When Sarah was little, her dad taught her how to play the guitar, and from there she continued by teaching herself. Now, Sarah’s dad sometimes offers his input on her work, for example, suggesting a different chord to use at a certain point in the music. 

Sarah’s twin brother, Aidan Kaplan (‘23), is also pursuing a career in music, as a classical pianist. “Music is really important to my family,” Sarah said.

Aside from her family, a major inspiration for her music is Phoebe Bridgers. “I would say she’s my favorite person on the planet,” she remarked. Many aspects of her work are modeled off of Phoebe Bridger’s style. Sarah explained, “I double my vocals, for example, which she does, and I use the ambient guitars in the back.”

As she’s developed her personal style of music, her main requisite is that it can’t be cheesy. “My producer always makes fun of me, because I have a very, very sensitive cheese-o-meter,” she said. “Like, I’m not a big pop music girl.” Instead, she listens to a lot of sad music, which she attributes her own style to. 

“I write lyrics from my personal experience, and music is a form of medicine to me,” she shared. “So I want my music to be healing, and something that other people can maybe find comfort in.”

For the experiences that influenced “older,” Sarah summarized, “If you’ve ever been confused by a romantic situation, this song is for you.” She opened up that for a period of time around December of last year, she dealt with a lot of miscommunication and feelings of losing herself. “I feel like a lot of female-identifying people relate to that princess story that we get growing up,” she reflected. “So this first huge experience for me was not like that at all, and I was just so confused.” The song is also not only about romantic situations, but also about watching your life go by. “A lot of my closest friends graduated, and it’s hard when they’re not there with you anymore,” she said. These themes are also present in the other songs on her upcoming EP, December.

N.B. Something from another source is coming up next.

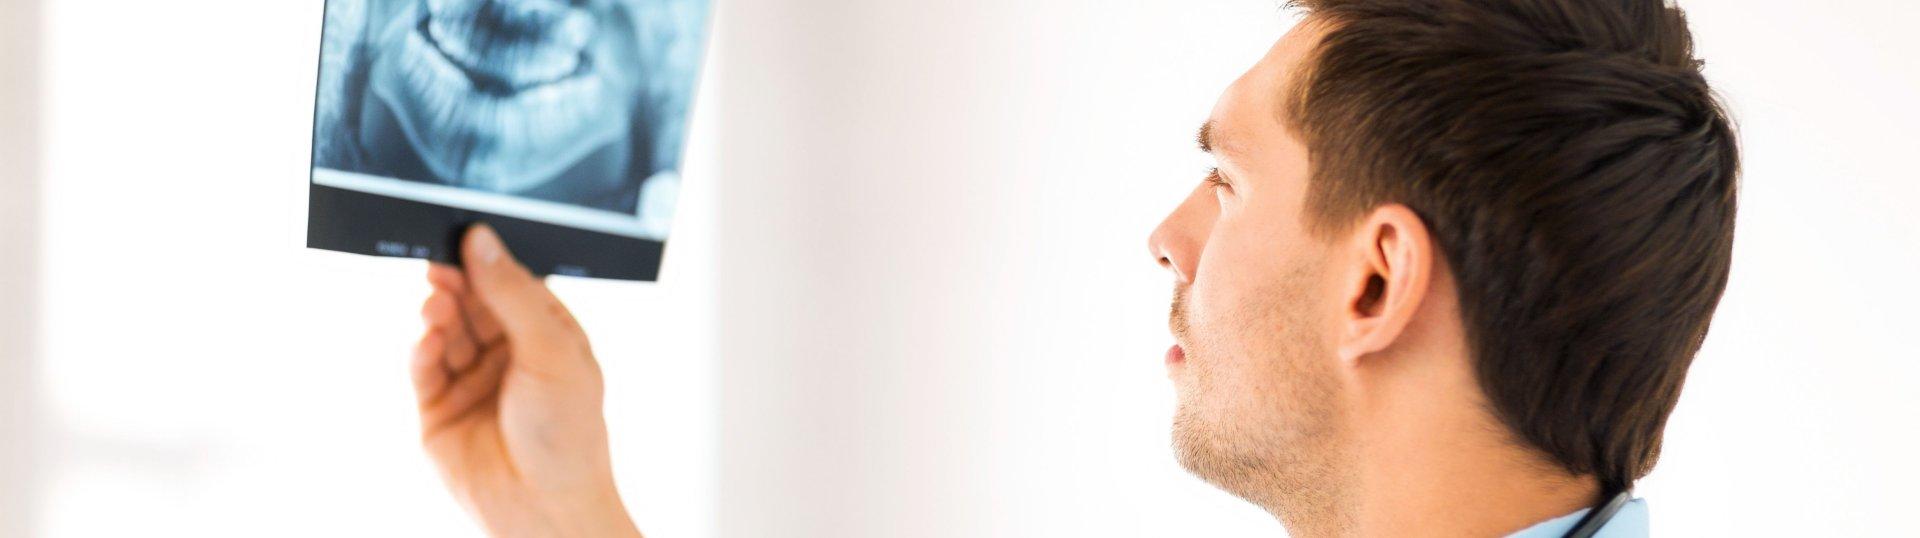 radiographie dentaire et diagnostic

Sarah is excited to keep recording more of her work and, as always, continue writing. She’s also looking forward to live performances, which she is currently planning. “I have a band already, so the goal is to do a couple of shows, and hopefully get that Bishop’s crowd out there,” she said. Having worked with Matthew Bian (‘23) to shoot photos and Katelyn Wang (‘23) for artwork and graphic design, Sarah wants to continue bringing more members of the community into what she does.

Before the single was released, her best friends Sariah Hossain (‘22), Marianna Pecora (‘22), and Maya Buckley (‘22) were there supporting her along the way. “I sent them demos throughout the whole process, and they saw every single version of all the songs,” she said. “I appreciated them so much.” Hearing that her friends genuinely enjoyed her work was what made her realize that there might actually be something there. 

“I’m so insanely proud of her,” said Sariah. “I remember when she’d play me a verse and chorus of her new songs on FaceTime. I’ve always had so much love for her mind and her music, and I’m just over the moon that the rest of the world gets to see her in this way now too.”